Florida Courts have historically protected a parent’s right to practice their religious beliefs with their children no matter how unconventional and regardless of the other parent’s objection.  In the matter of Koch v. Koch, 41 Fla. L. Weekly (Fla. 1st DCA 2016), the trial court was AFFIRMED for prohibiting the father from discussing “ANY religious matters during visitation with his children.”

The constitutional limitation to protect a parent’s right to expose their children to their religious beliefs was clearly established in Rogers v. Rogers, 490 So. 2d 1017 (Fla. 1st DCA 1986) where the Appellate Court concluded:  “In family law proceedings, a court may not restrict a post-dissolution parent’s religious beliefs, no matter how unconventional.”

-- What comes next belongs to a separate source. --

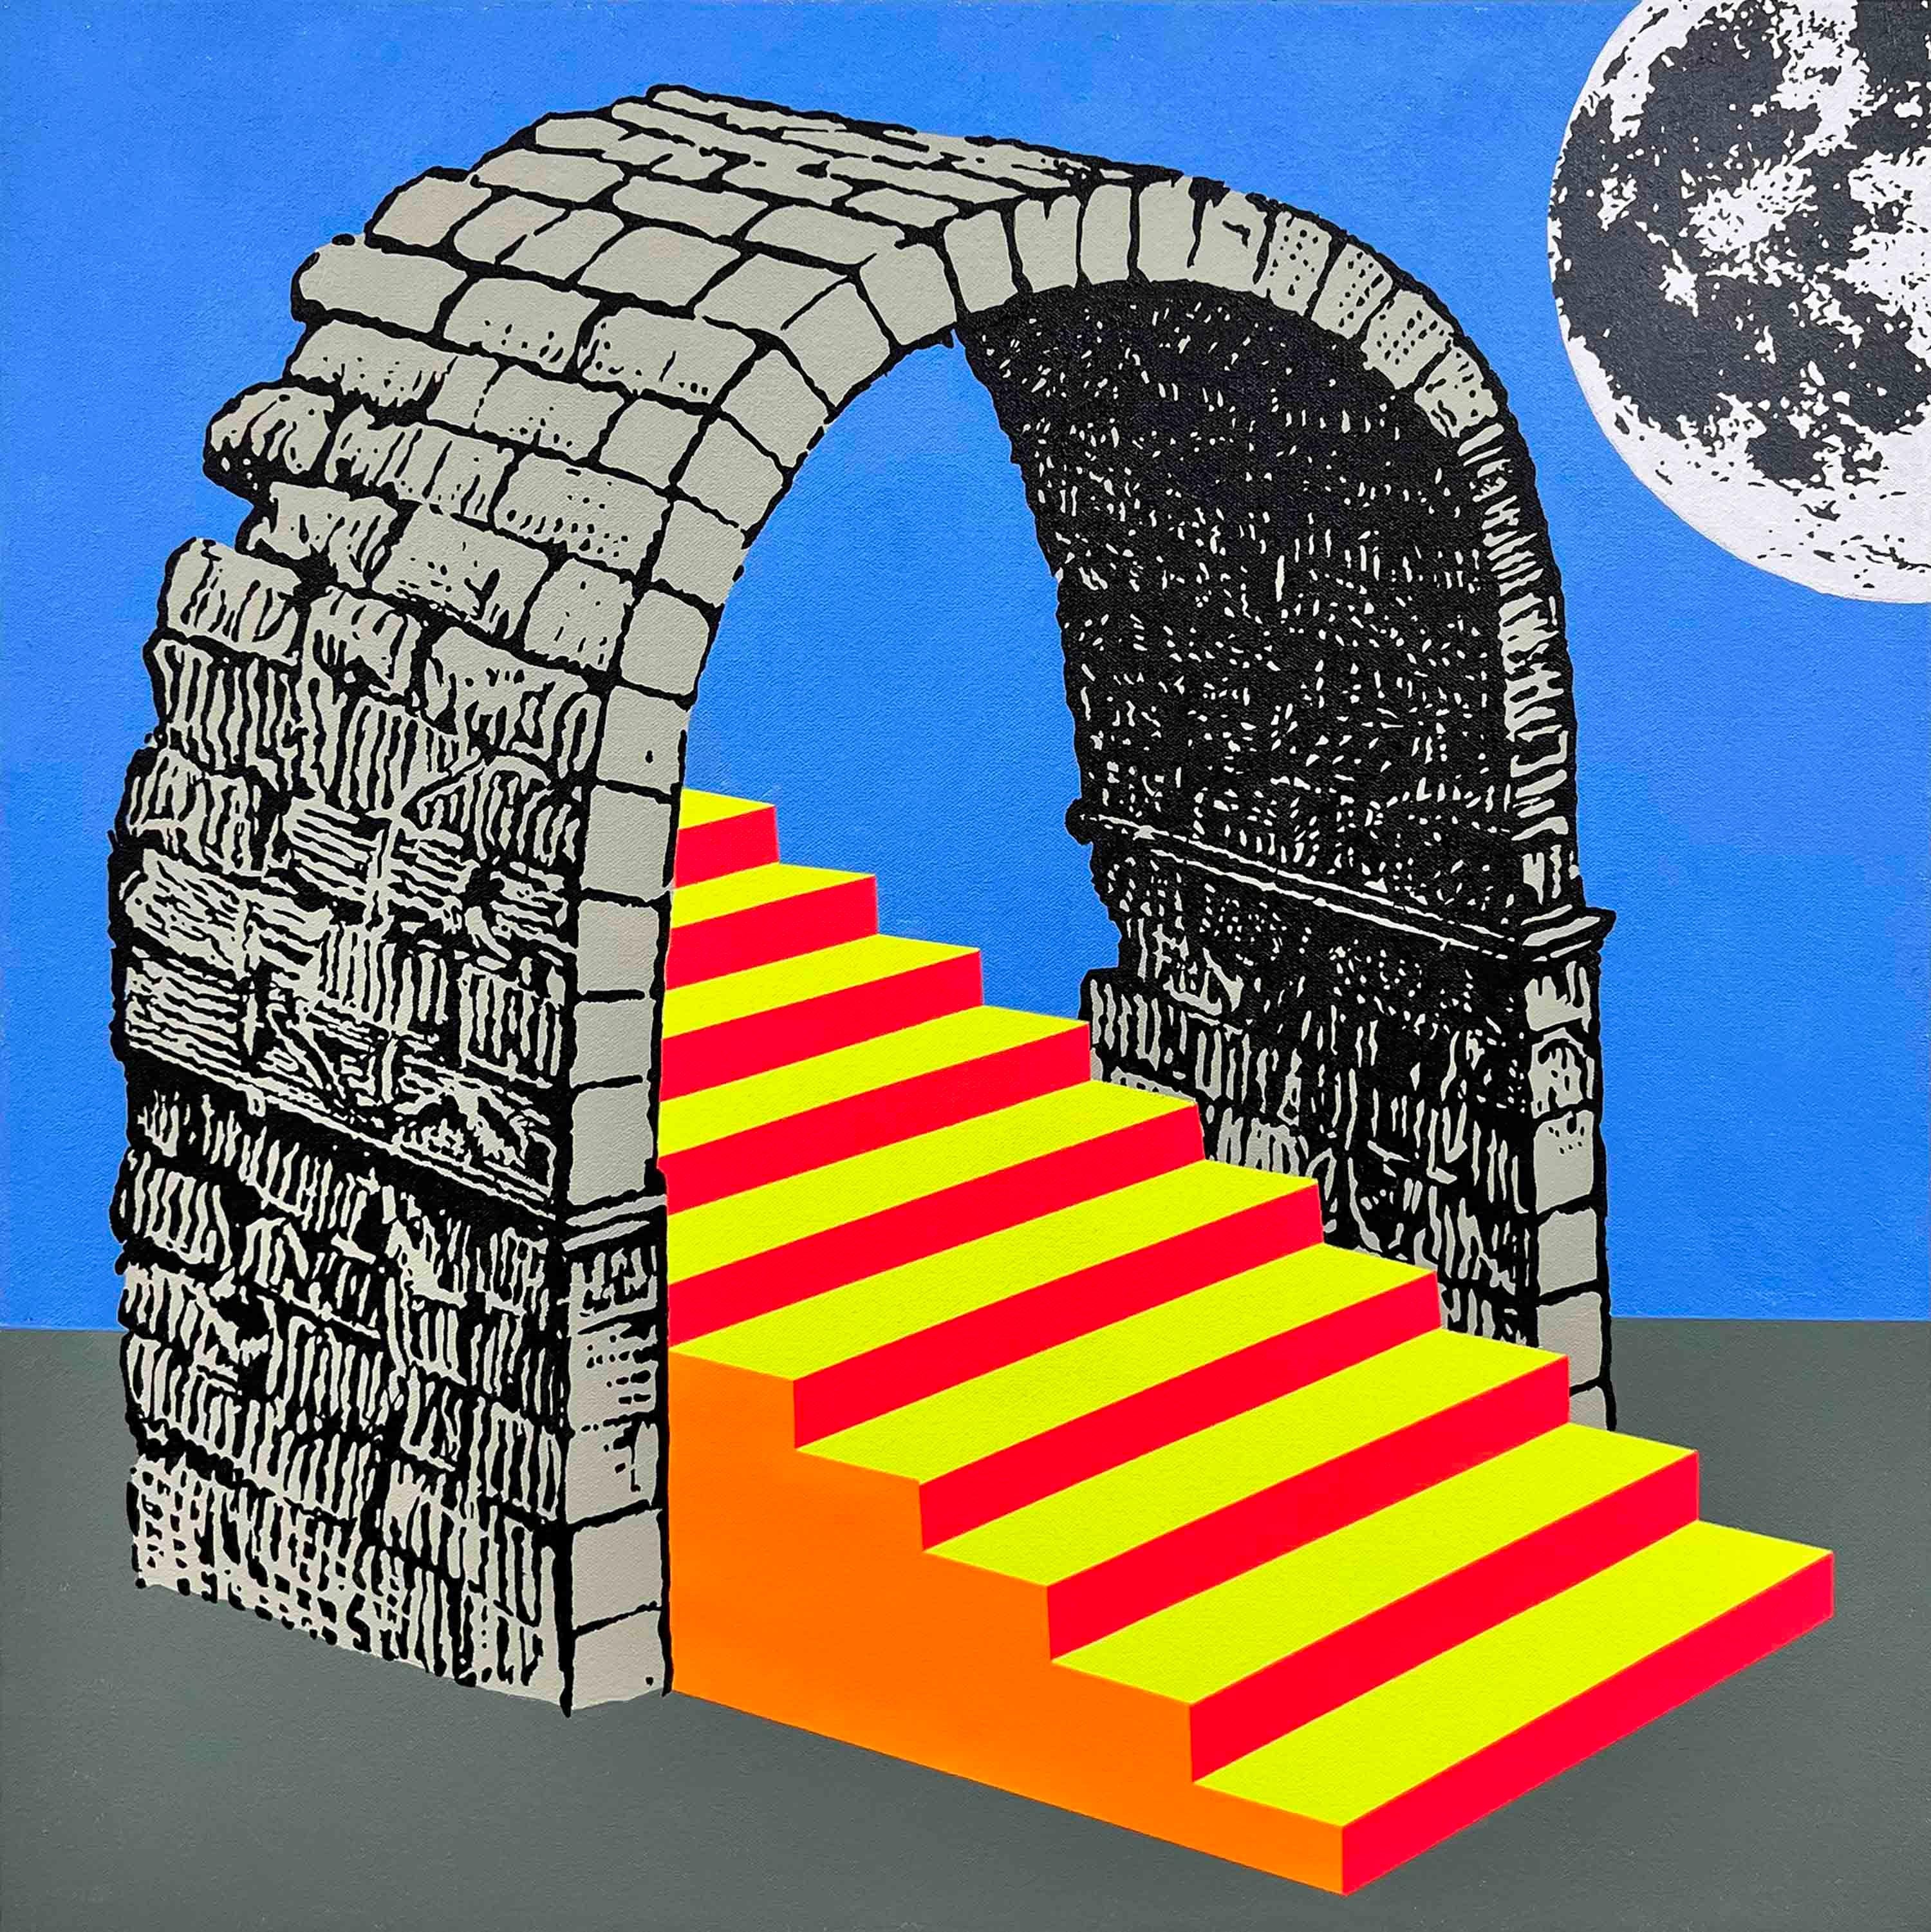 Chris Cascio Abstract Painting - "Untitled (Barrel Vault and Moon)" Contemporary Abstract Staircase Landscape

In 2014, the First District provided some level of protection for children if the exposure to the parent’s religion was harmful by concluding “restrictions upon a noncustodial parent’s right to expose his or her child to his or her religious beliefs have consistently been overturned in the absence of clear, affirmative showing that the religious activities at issue will be harmful to the child.”  Pierson v, Pierson, 143 So.3d 1201 (Fla 1st DCA 2014).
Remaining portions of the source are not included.